### [Data extract]
Segment Open

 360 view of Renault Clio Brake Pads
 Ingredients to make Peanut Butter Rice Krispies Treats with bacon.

Segment Closed
Segment Open

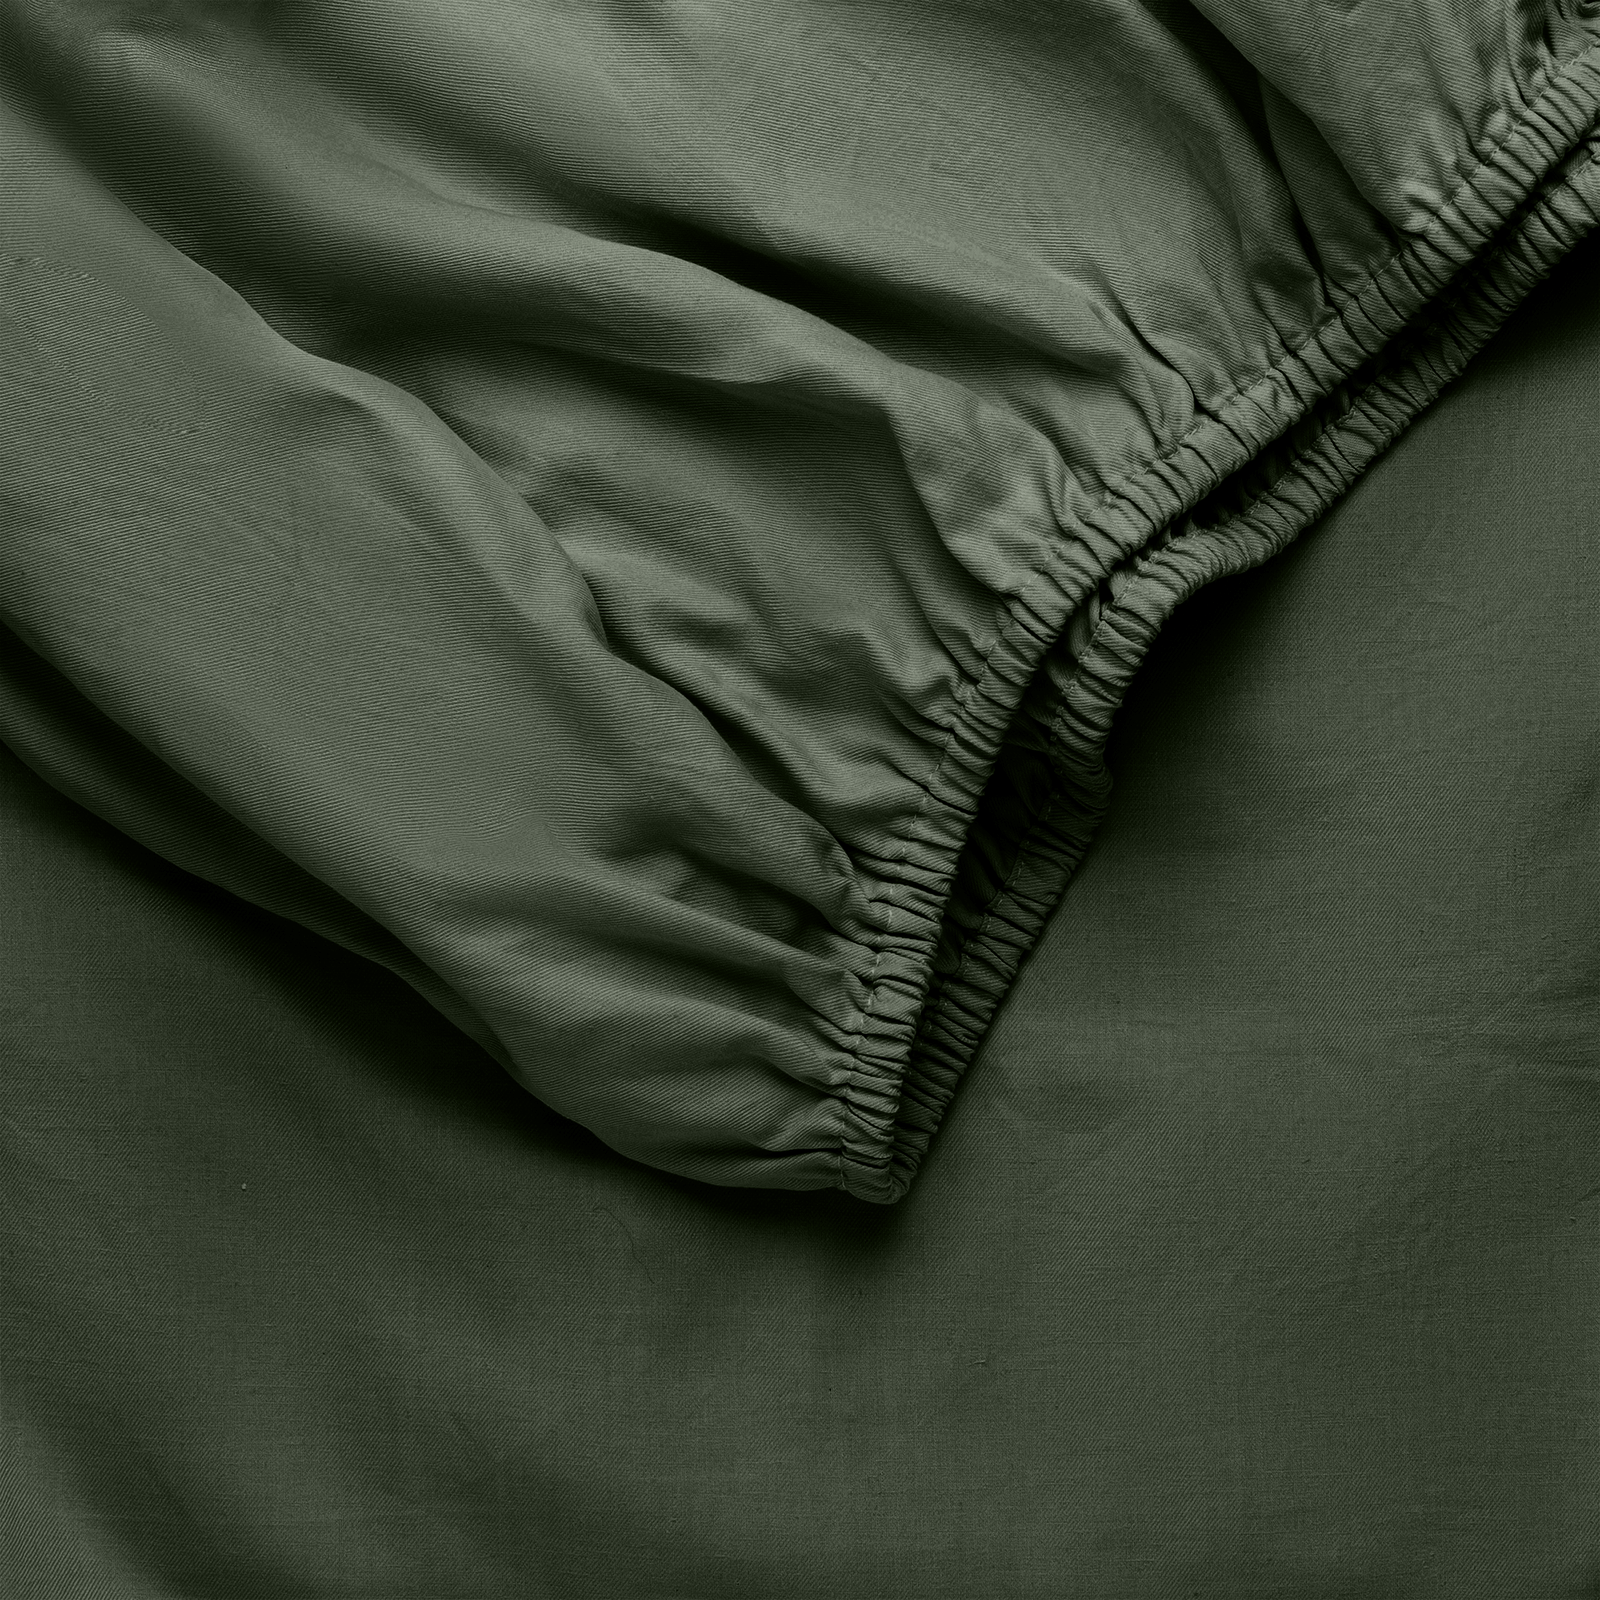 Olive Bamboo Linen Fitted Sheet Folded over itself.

Segment Closed
Segment Open

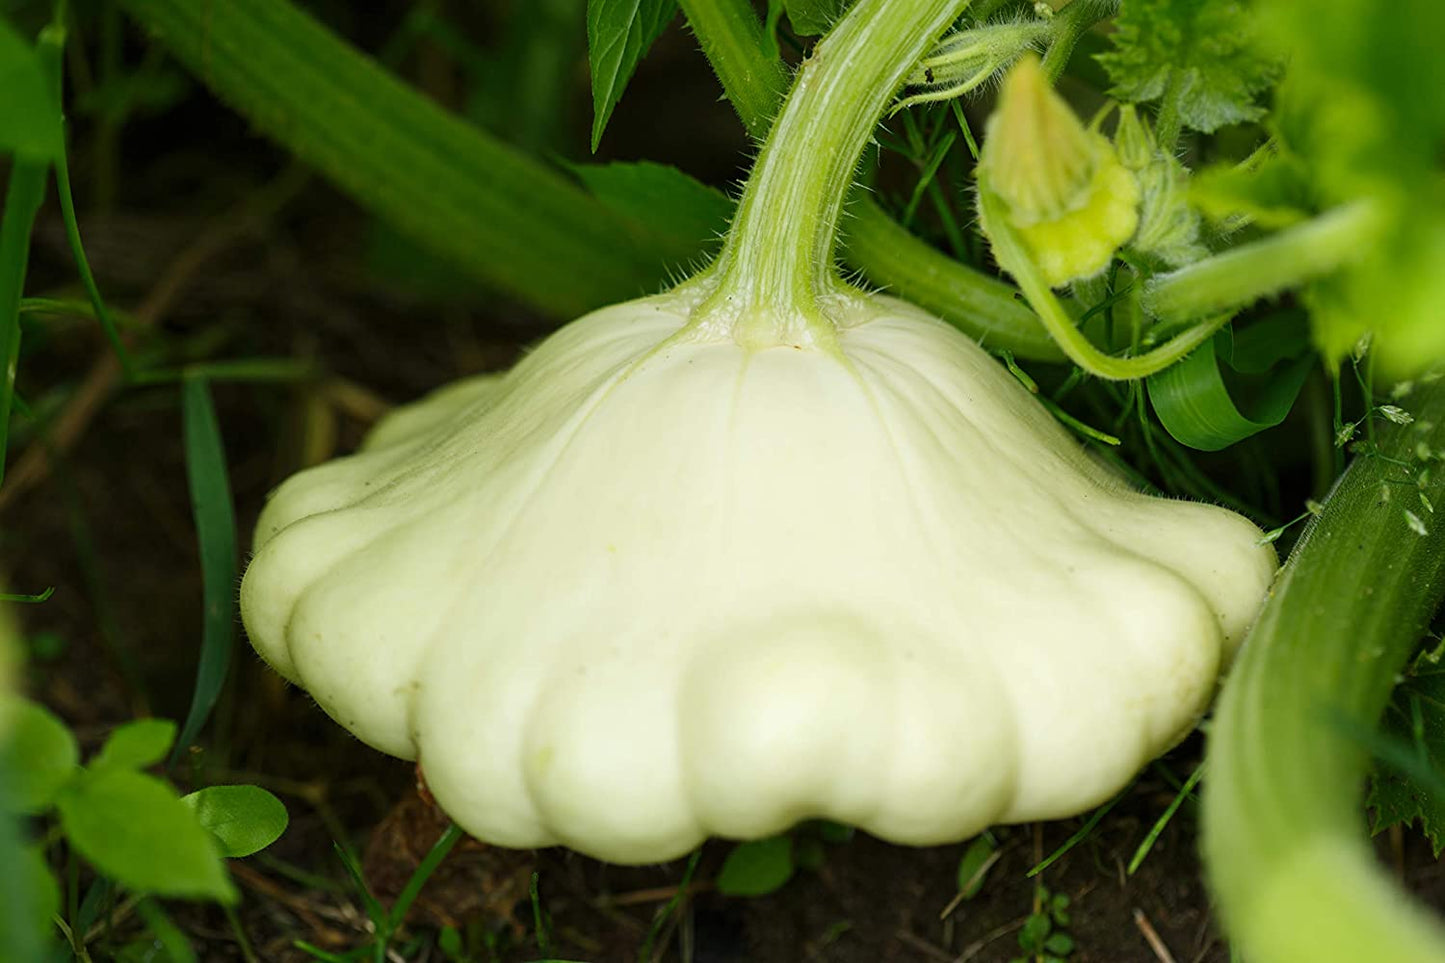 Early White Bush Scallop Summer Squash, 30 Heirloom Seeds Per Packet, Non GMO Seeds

Segment Closed

### [Work to complete]
Going down the listing above, begin printing at the line with "360 view of Renault Clio Brake Pads" and finish with the line with "Ingredients to make", exactly as they appear.

### [Solution]
 360 view of Renault Clio Brake Pads
 Ingredients to make Peanut Butter Rice Krispies Treats with bacon.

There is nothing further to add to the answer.